Criticism of some of the level design is fair enough, particularly where Library is concerned, but to say 'Worst of all were the levels, which offered fleeting glimpses of brilliance, but all too often degenerated into recycling the same areas over and over until you were bored to tears.' is over-exaggeration. The first 6 levels are all offer very different environments which look amazing and play brilliantly. Level 7 is repetitive. Level 8 is basically 5 backwards, but plays a bit differently, you face different foes and you go to a couple of new places, so it's not boring. Level 9 is superficially similar to 3 but has quite a few different sections and much harder opposition. Level 10 retreads a lot of level 1, but adds a few new sections and lets you drive a warthog about the place.

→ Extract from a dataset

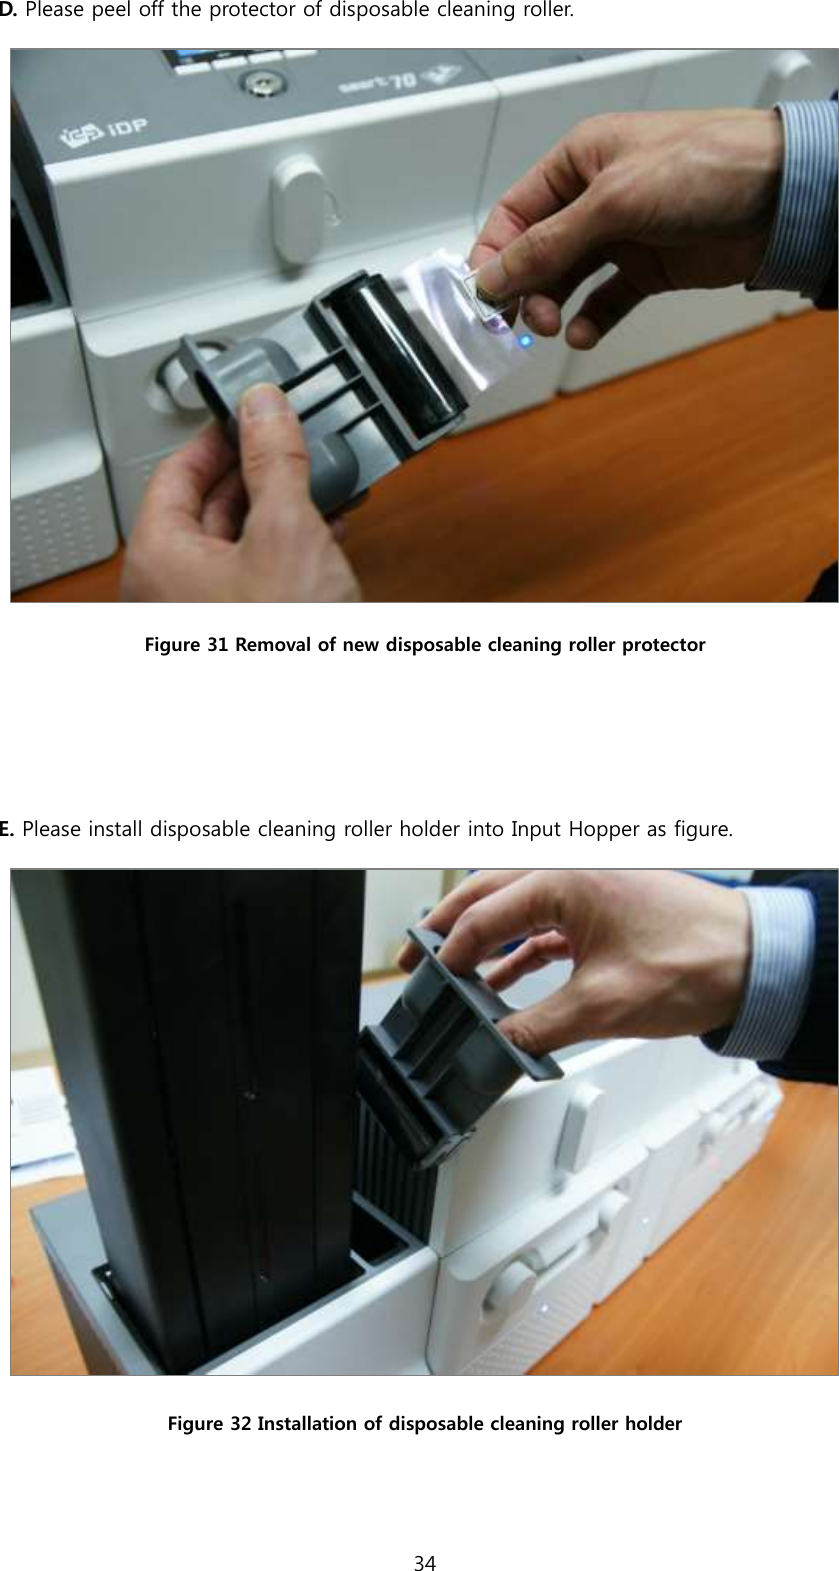 34  D. Please peel off the protector of disposable cleaning roller.  Figure 31 Removal of new disposable cleaning roller protector   E. Please install disposable cleaning roller holder into Input Hopper as figure.  Figure 32 Installation of disposable cleaning roller holder

The external environments are all stunning, quite a bit of the indoor stuff looks quite groovy and it's only really the Library that is a let down.
The last guy calls the multiplayer levels unbalanced, messy and boring, but doesn't say which ones or why. The most popular ones are probably Hang em High, Prisoner and Blood Gulch and I fail to see what is boring or messy about any of them. I fail to see what is unbalanced about any of them, especially given that a good chunk of the levels are 90% symmetrical. In fact, he says he doesn't like PC FPSes or 4 player split-screen on a console. I'm not aware of any shooters prior to Halo that could work over a console LAN, so basically his problem is... he doesn't like FPSes, especially multiplayer. That's hardly reason to call a game over-rated.
My final qualm is with their 'been done better before' award. Which console FPS done what Halo does better? They acknowledge lovely graphics. They say the AI is the best they've seen. The 2 weapons thing is innovative. So who did these better?